3. Aggressive Driving

Tailgating, abrupt lane changes, and road rage are considered aggressive driving behaviors. These actions can lead to more accidents, prompting insurers to increase premiums for drivers demonstrating such habits.

4. Driving Under the Influence

Driving under the influence of alcohol or drugs significantly elevates the risk of accidents. A DUI conviction can result in severe penalties, including skyrocketing insurance rates, as insurers view these drivers as high-risk.

5. Frequent Accidents

A history of accidents—regardless of fault—can lead to increased insurance premiums. Insurers often consider drivers with multiple incidents to be more likely to file claims, thus raising their rates.

6. Not Maintaining a Safe Following Distance

Failing to keep a safe distance from the vehicle ahead can lead to rear-end collisions. Insurers may increase premiums for drivers who receive tickets for tailgating or related offenses.

7. Ignoring Traffic Signals

Running red lights or ignoring stop signs not only endangers lives but also attracts hefty fines. Traffic violations can have a direct impact on a driver’s insurance costs, leading to potential spikes.

8. Driving Without Insurance

Driving uninsured or with insufficient coverage can lead to significant penalties if caught. Insurers may drastically raise rates for drivers with lapses in coverage or those who have been cited for driving without insurance.
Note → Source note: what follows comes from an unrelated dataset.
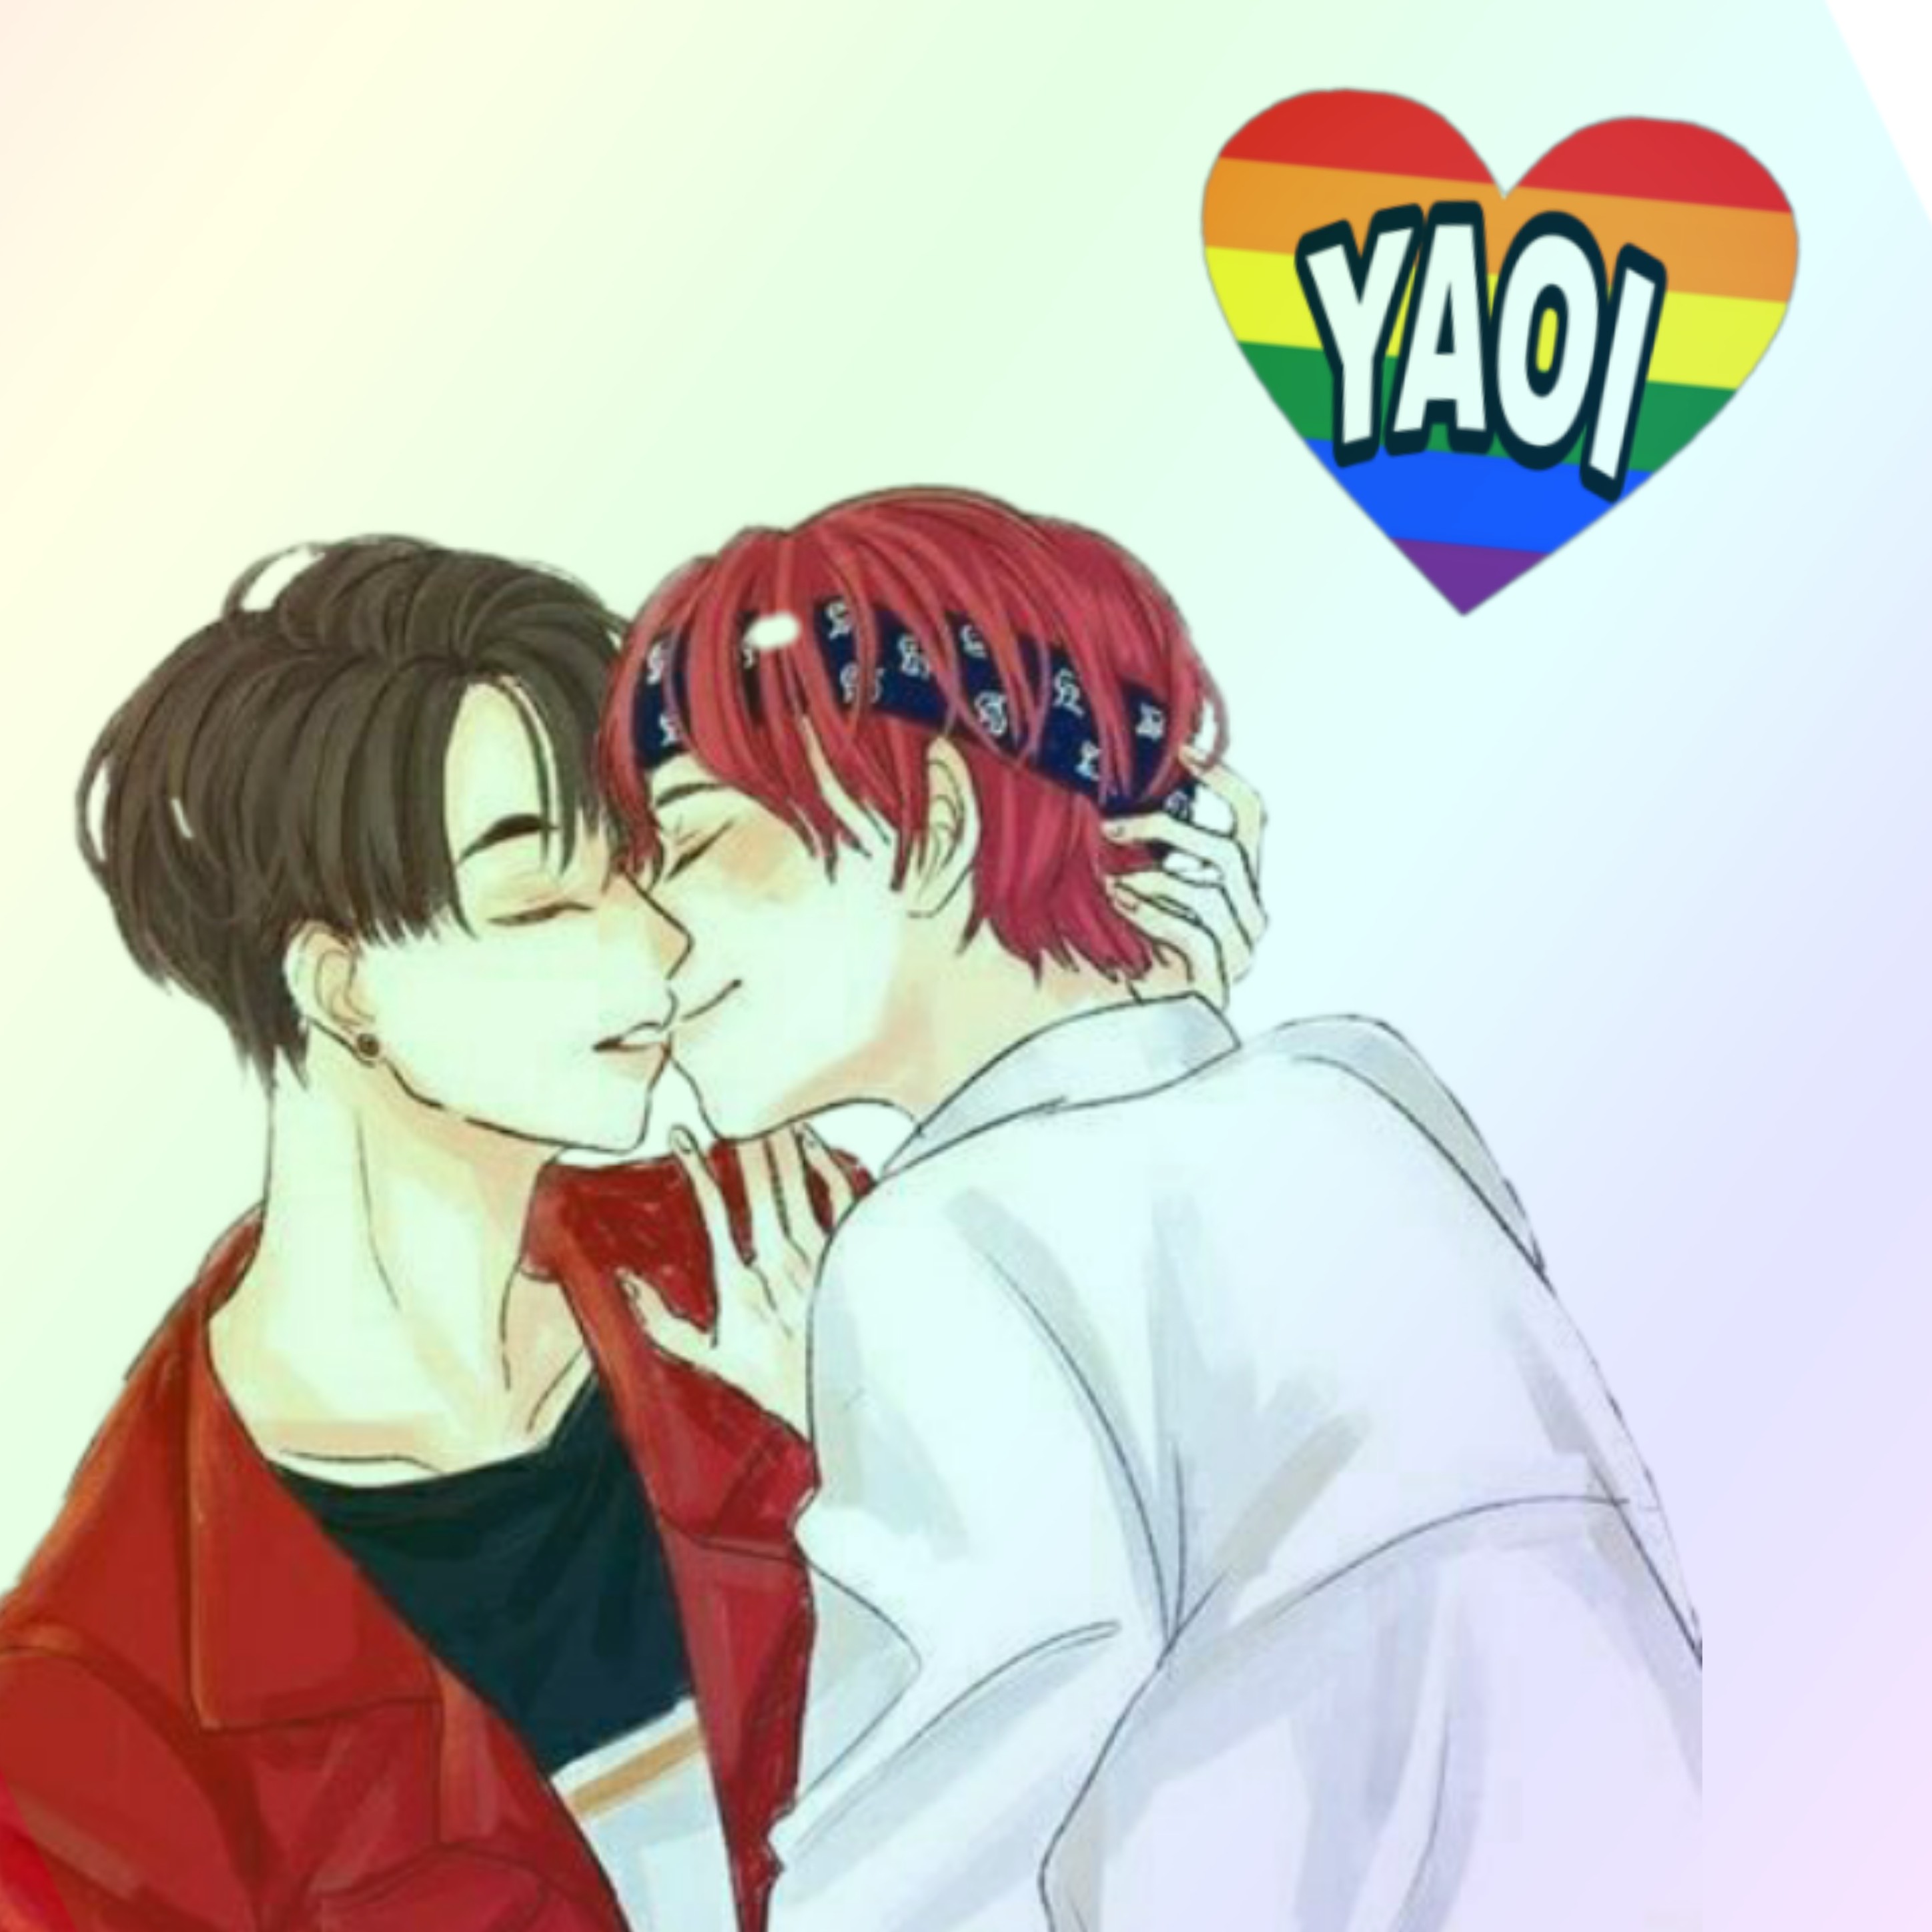 yaoi gay twink fisting cartoon

9. Poor Vehicle Maintenance

A poorly maintained vehicle can lead to accidents. Tires, brakes, and lights must function correctly; failure to maintain these can result in increased claims, prompting insurers to raise rates for negligent drivers.

10. Higher Mileage

Driving more miles increases exposure to potential accidents. Insurers often assess mileage when calculating premiums, with higher mileage leading to an elevated risk profile.

In conclusion, adopting safe driving habits is crucial not only for personal safety but also for managing insurance costs. Drivers should review their habits and make necessary changes to avoid spikes in premiums.